MinVotes

Hi all,

After reading the post titled "How to become the next Government of Singapore?" at http://dontneedsex.blogspot.com/2013/05/how-to-become-next-government-of.html, I noticed some discrepancies (Holland-Bukit Timah is 4 seats instead of 5, Ang Mo Kio is 6 seats instead of 5) and some potential flaws with his approach. So I have decided to do the calculations by myself as well.

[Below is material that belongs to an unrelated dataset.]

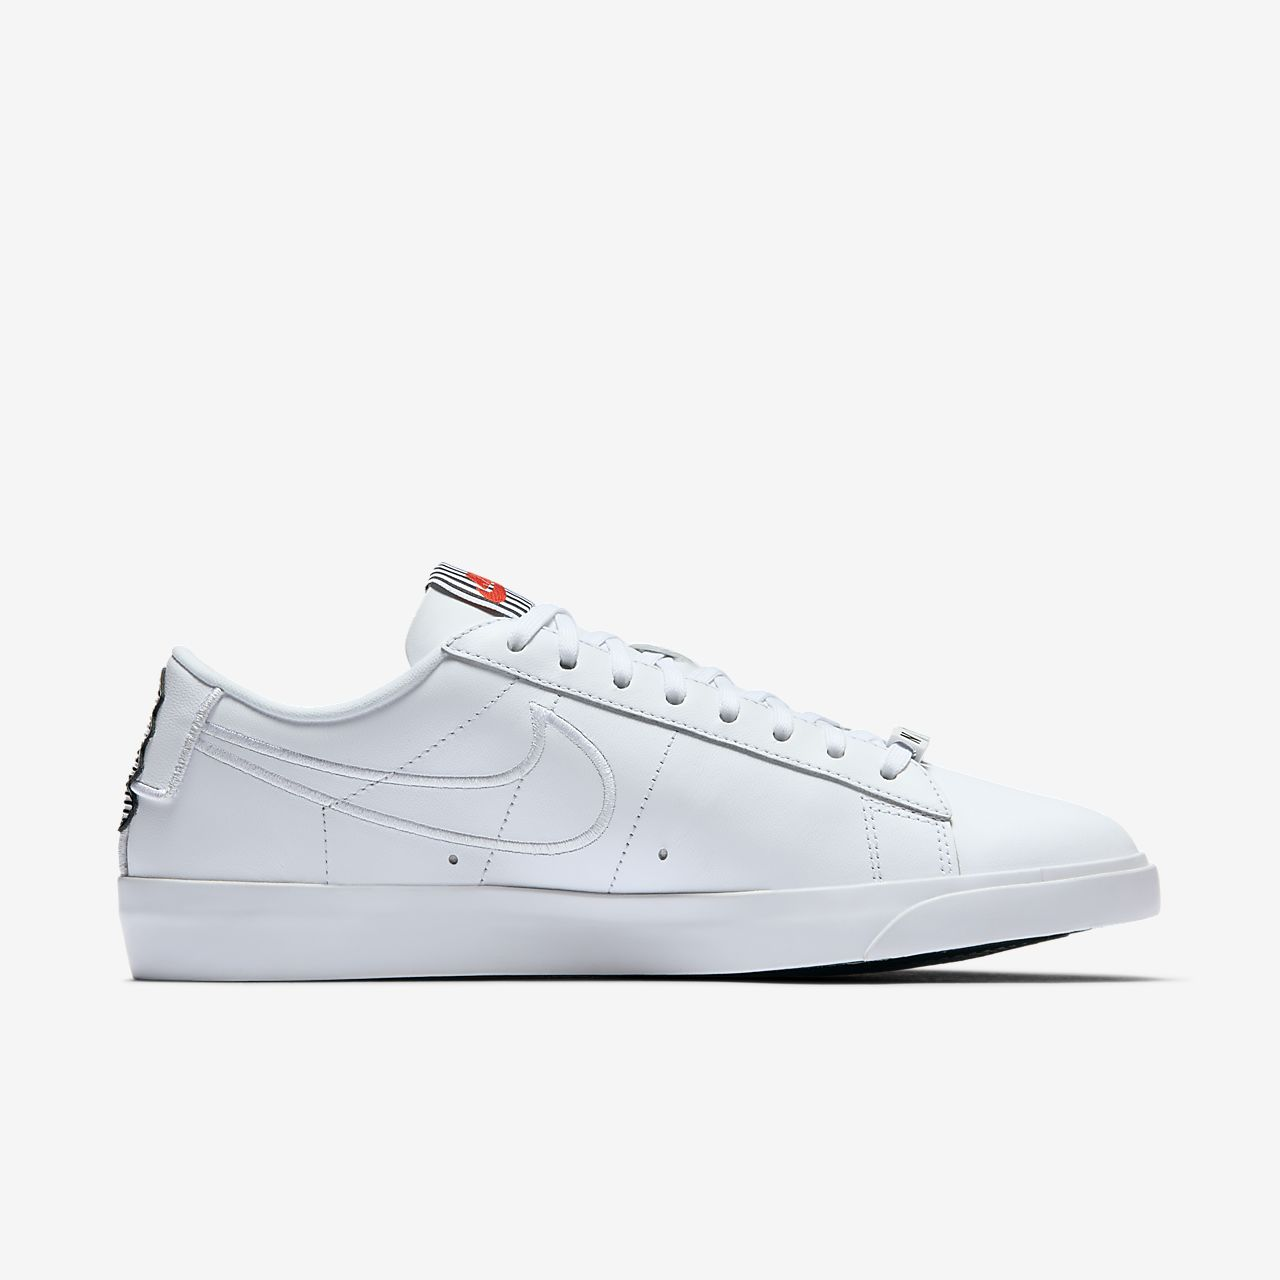 ... Chaussure Nike Blazer Low SE LX pour Femme

Flaws with Current Approach

The flaw with the current approach taken by Donaldson Tan is:

Assumption that 44 seat will get the minimum votes - Depending on GRC make-up, there is a possibility that 45 or 46 seats might "cost" less votes than 44 seats.

Data

I pulled the electorate numbers from (http://en.wikipedia.org/wiki/Constituencies_of_Singapore), taking the Election column.

Method

I have used two methods to check for the minimum amount of votes needed:

Brute Force (with Backtracking) - Brute force of whole solution space to find the global minimum
Mathematical Approach - Voters needed per seat

Method 1 - Brute Force

I put in all the data of the voters and seats of each SMC/GRC and wrote a generate and test brute force algorithm to test ALL possible combinations (from only one constituency selected to all constituencies selected) and retrieve the global minimum. This is a very inefficient method (because it has to test the whole solution space) but as our input is small, and we are not looking to scale the solution, this will suffice.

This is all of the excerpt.